Economic interdependence as a facilitator of war?

13 March 2014, 2318 EDT

Note: This is a guest post by John Mueller of Ohio State University.

The ongoing crisis/standoff in the Ukraine relates in some ways to a long-standing debate about the potential connection between economic interdependence and war. The debate is over the idea that the decline in interstate war has been caused by the fact that countries closely linked economically are unlikely to go to war with each other.

On the one hand, Russian President Vladimir Putin’s foray in an area of deep economic interdependence doesn’t seem to have been waylaid by potential economic cost considerations. On the other hand, as the value of the ruble tumbles, economic considerations could play a role in keeping the crisis from escalating to a more direct military confrontation. Meanwhile, those contemplating sanctions on Russia, particularly in Western Europe, have been musing about the pain they might themselves might bear if they applied economic punishment to a country they depend on for so much of their energy resources.
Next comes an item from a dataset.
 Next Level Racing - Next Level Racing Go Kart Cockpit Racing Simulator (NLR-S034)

Economic interdependence, accordingly, can be looked at in a number of ways, and it can have contradictory effects.

Many have argued, however, that, overall, it doesn’t have much effect at all, noting that the countries of Europe a hundred years ago were developed and well entwined economically before they launched themselves into a catastrophic continental war in 1914.
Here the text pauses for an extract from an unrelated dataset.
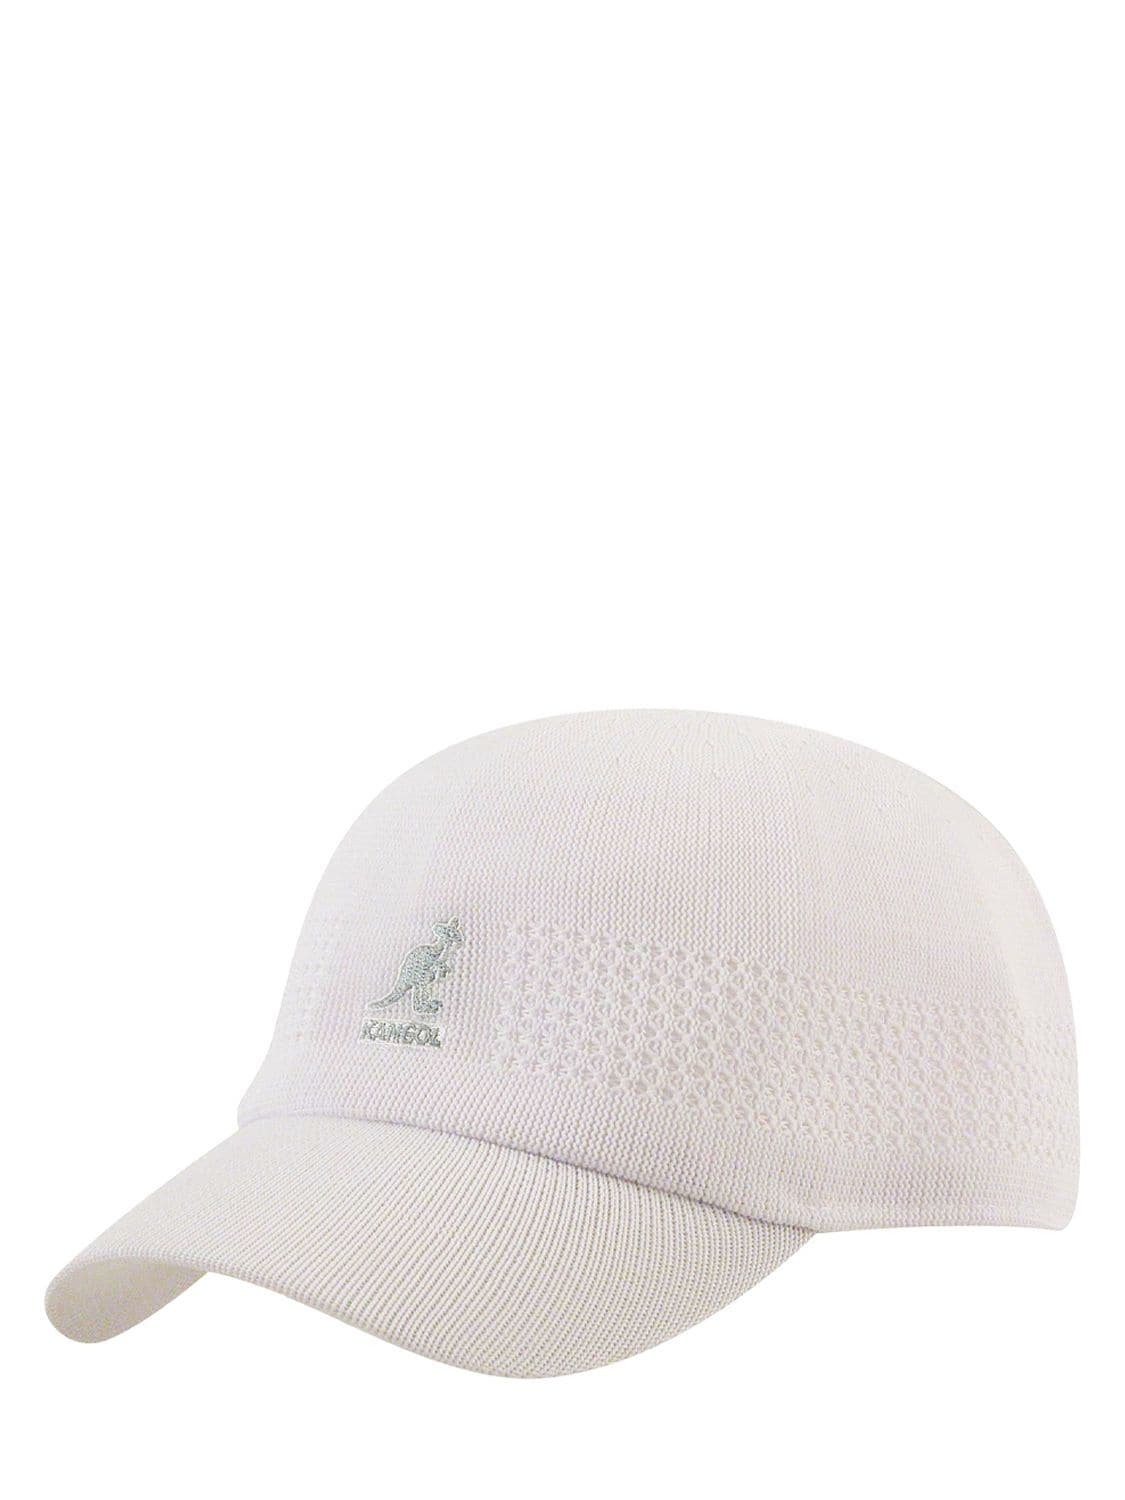 Kangol Tropic Ventair棒球帽 In White

In gauging this popular comparison, it should be pointed out that there has been one very considerable change from that era. No one today argues that advanced capitalism and economic interdependence facilitate war by reducing its downside thereby permitting it to become even more wonderful.

In a treatise on aesthetics published in 1790, Immanuel Kant groped for examples of the “sublime” and argued not only that war was exactly that but that the institution made the people who carried it out “only the more sublime.” By contrast, continued Kant, “a prolonged peace generally brings about a predominant commercial spirit, and with it low selfishness, cowardice, and effeminacy, which debases the disposition of the people.”

A century later, another Prussian, historian Heinrich von Treitschke, along with many others around the continent, enthusiastically marched to the same banner. Treitschke explained that war’s “sublimity” and “grandeur” lay in the way it brought out “the full magnificence of the sacrifice of fellow countrymen for one another…the love, the friendliness, and the strength of that mutual sentiment.” Thus, “war is both justifiable and moral,” while “the ideal of perpetual peace is not only impossible but immoral as well.”

Treitschke did acknowledge that war had its disagreeable side—all that death and destruction in particular. He argued of course that such defects were overwhelmed by war’s many virtues: “War, with all its brutality and sternness, weaves a bond of love between man and man, linking them together to face death, and causing all class distinctions to disappear. He who knows history knows also that to banish war from the world would be to mutilate human nature.”

Importantly, however, Treitschke also argued that capitalist development and economic interdependence were something of a godsend because they would make the institution of war, which he already considered sacred, to become even more so. They would allow Europeans and other civilized nations to engage in the sublime experience of war while limiting the rather unpleasant downside of the exercise.

He insisted that modern wars were not fought for “booty” or for “material advantage,” but rather for “the high moral ideal of national honor.” However, because of materialist economic advance and interdependence, “wars will become rarer and shorter, but at the same time far more sanguinary.” This was because “Civilized nations suffer far more than savages from the economic ravages of war, especially through the disturbance of the artificially existing credit system, which may have frightful consequences in a modern war.” Accordingly, “wars must become rarer and shorter.” Indeed, he concluded, “it is impossible to see how the burden of a great war could long be borne.”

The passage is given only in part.